ACTIVITY »
Find the line that contains "Accenture - Aviva". Copy it and every line after it to the end of the material below, exactly, with no pictures.

RECORDED DATA »
* * * * * * *

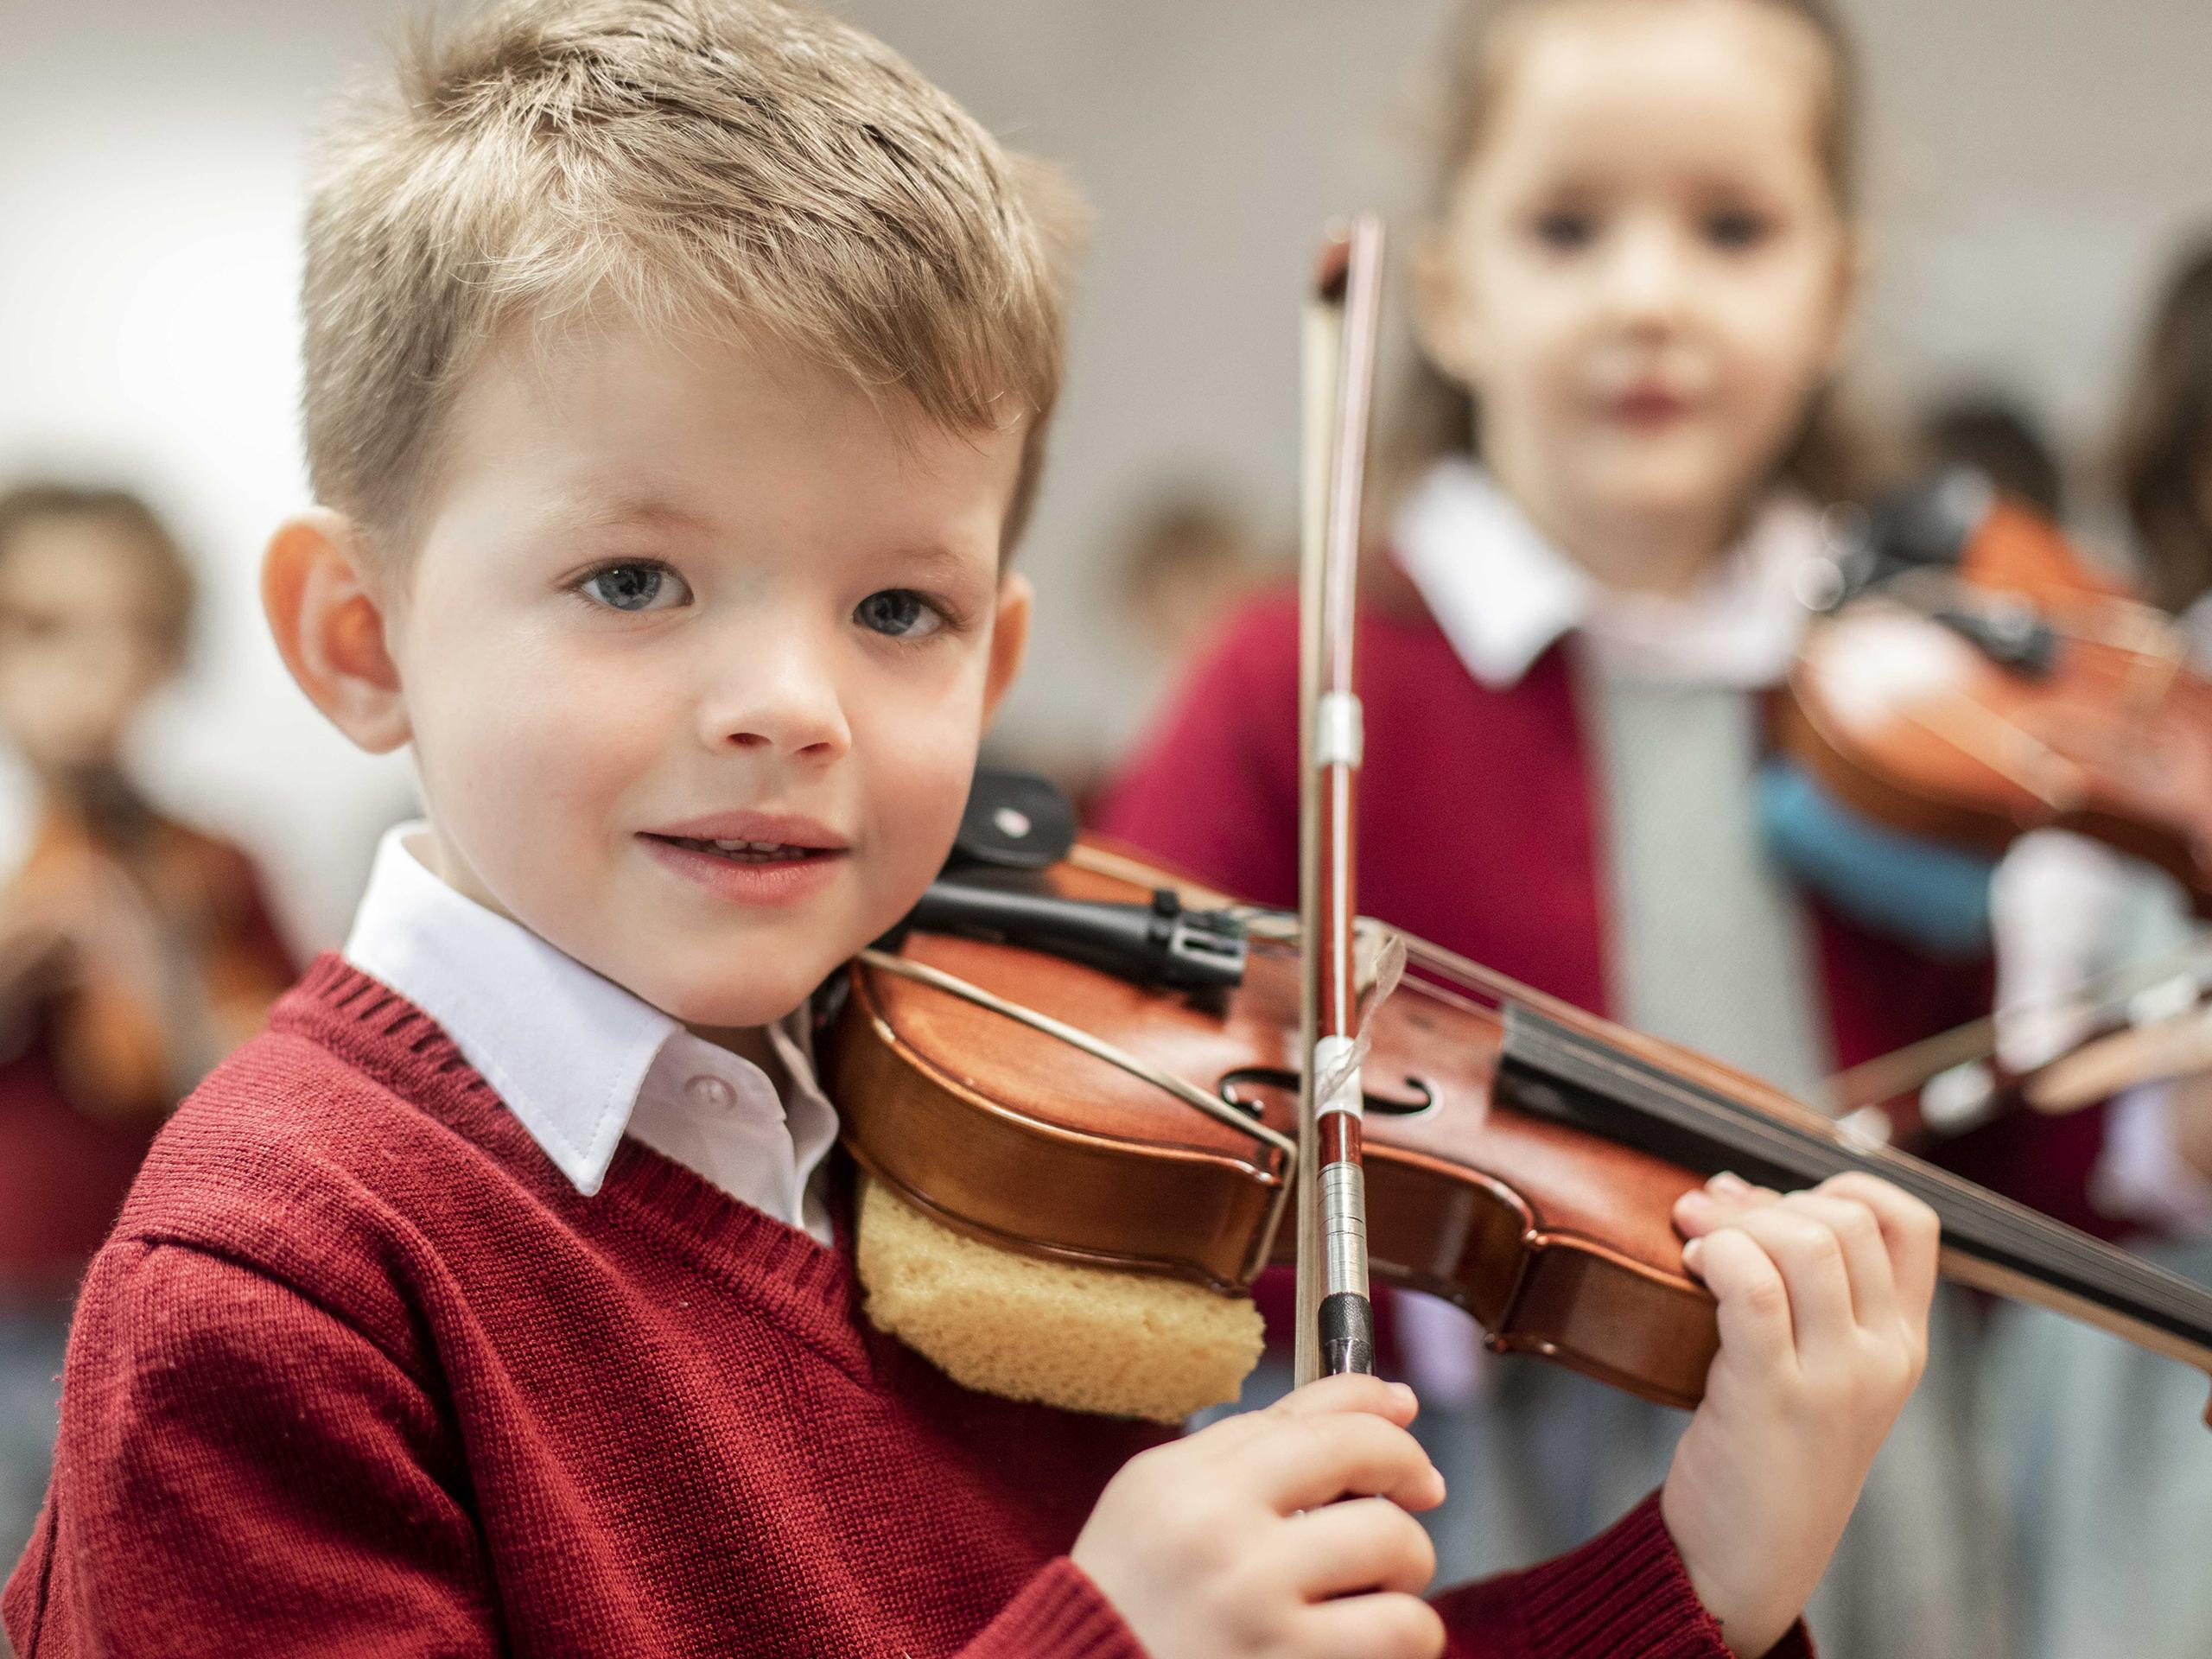 infantil-dallignton-school-9
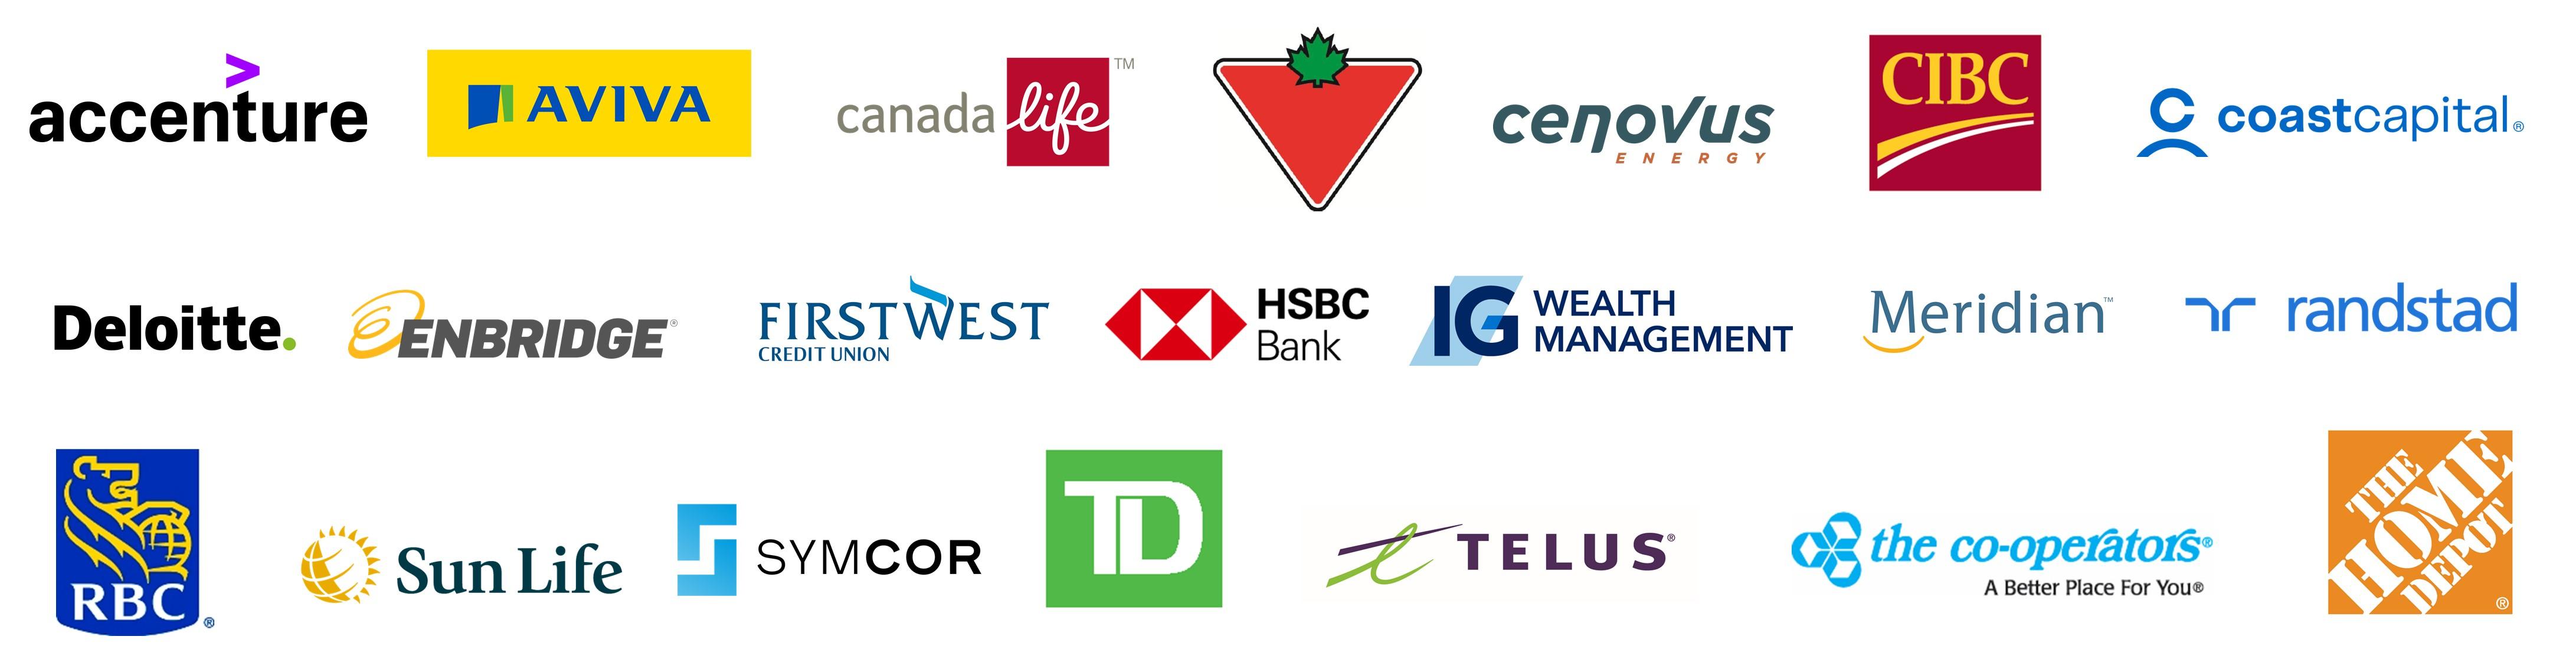 Accenture - Aviva - Canada Life - Canadian Tire - Cenovus Energy CIBC - Coast Capital - Deloitte - Enbridge - First West Credit Union HSBC Bank - IG Wealth Management- Meridian - Randstad - RBC Sun Life- Symcor - TD- Telus - The Co-operators- The Home Depot
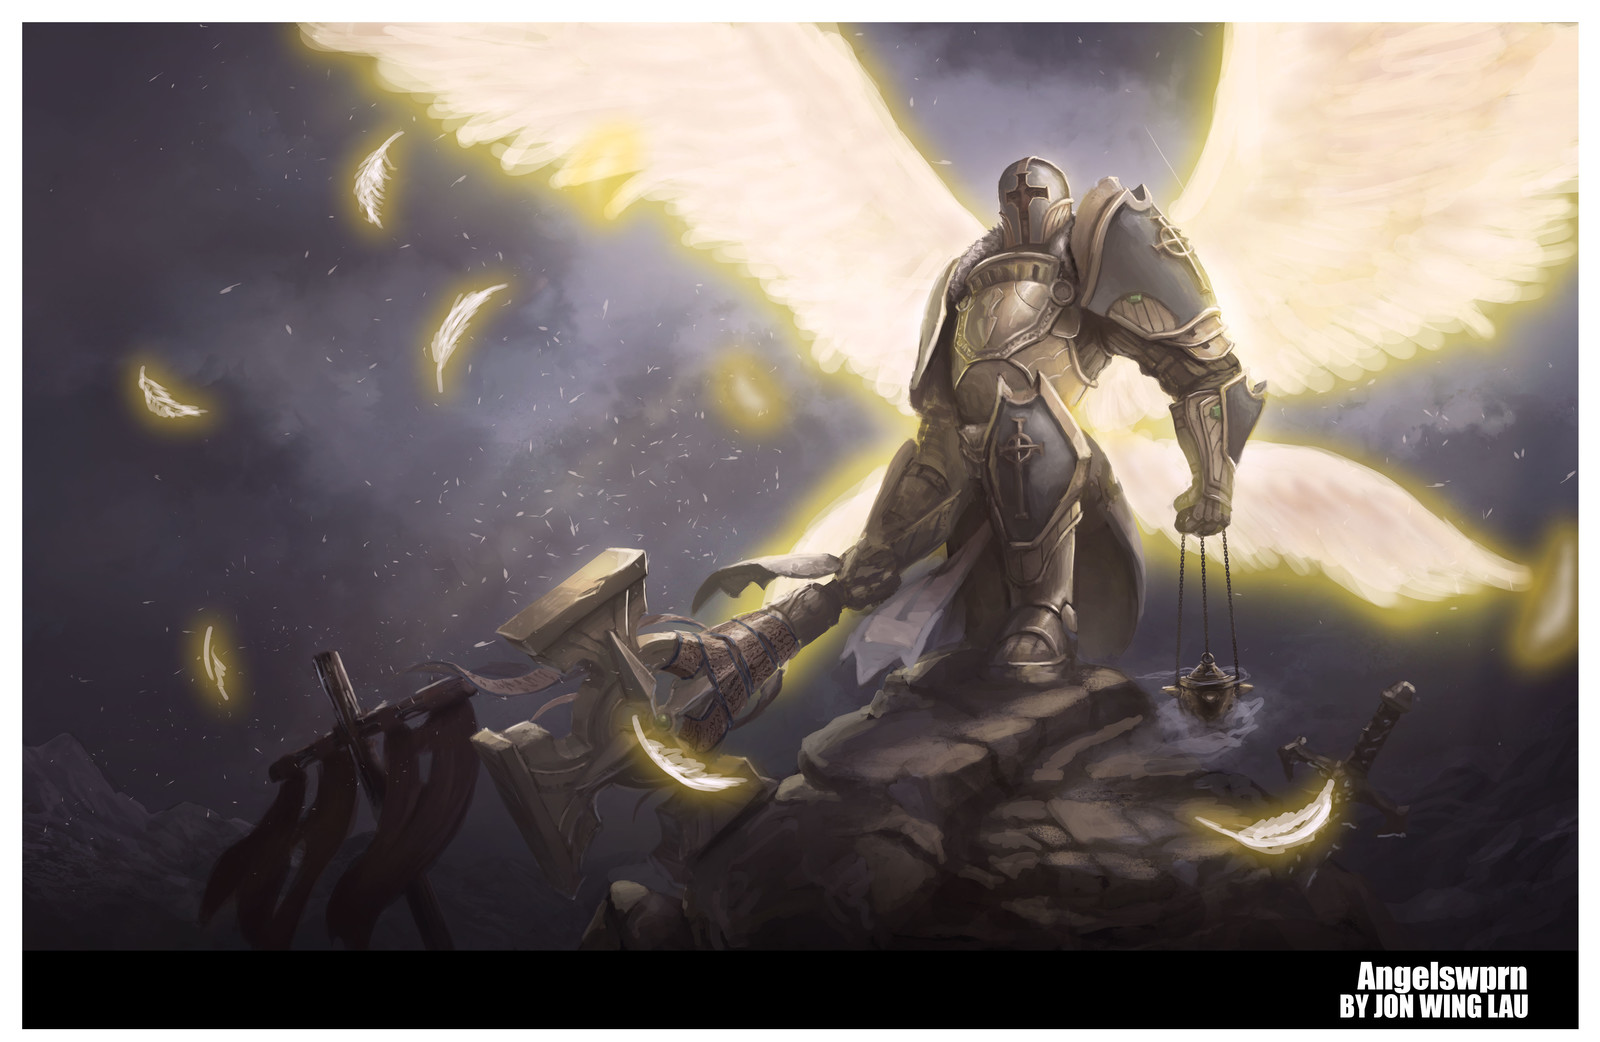 Angelsworn
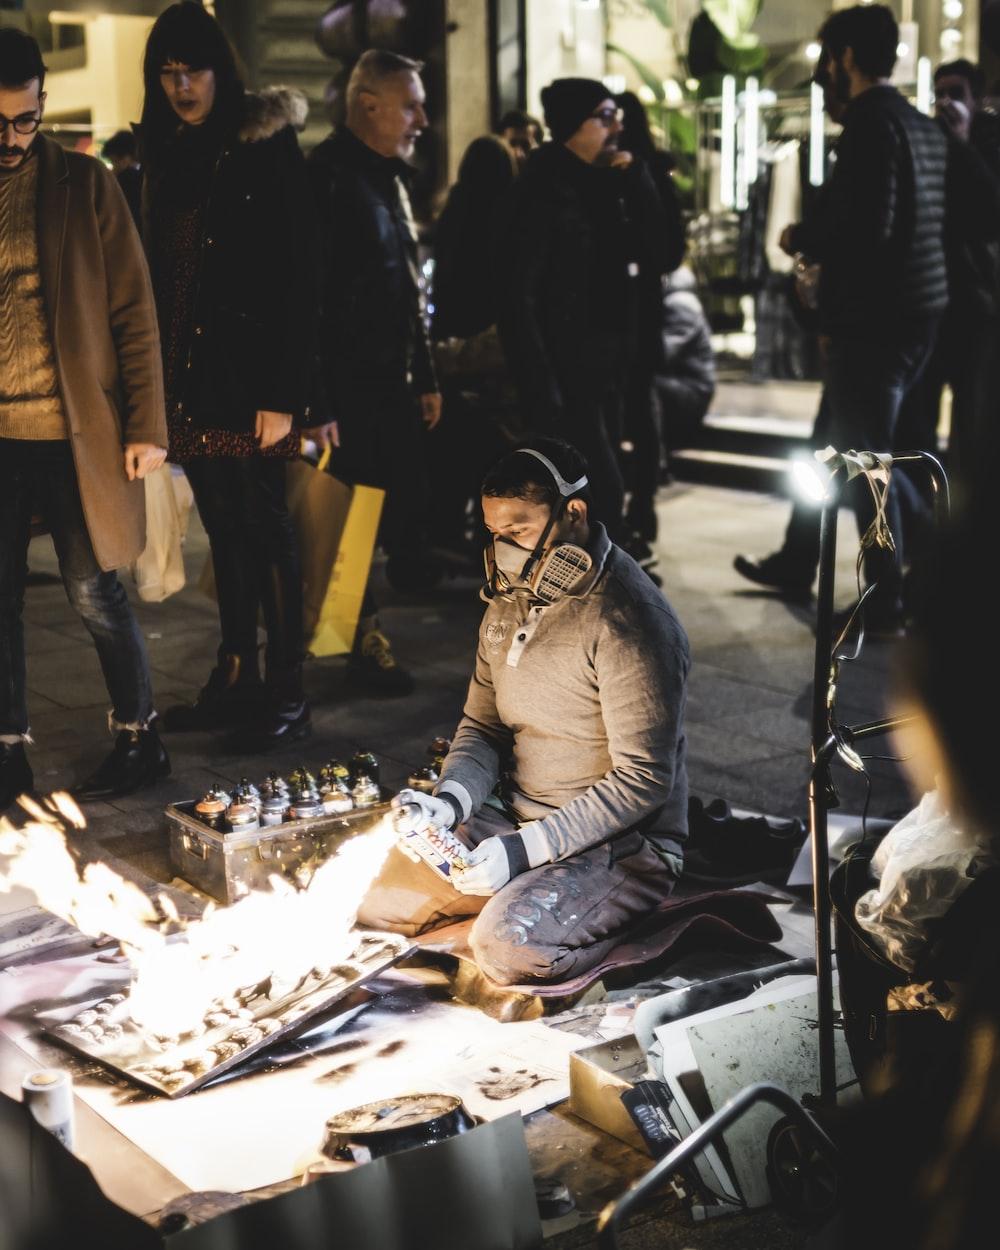 kneeling man torching artwork on canvas near people

* * * * * * *

ANSWER AREA »
 Accenture - Aviva - Canada Life - Canadian Tire - Cenovus Energy CIBC - Coast Capital - Deloitte - Enbridge - First West Credit Union HSBC Bank - IG Wealth Management- Meridian - Randstad - RBC Sun Life- Symcor - TD- Telus - The Co-operators- The Home Depot
 Angelsworn
 kneeling man torching artwork on canvas near people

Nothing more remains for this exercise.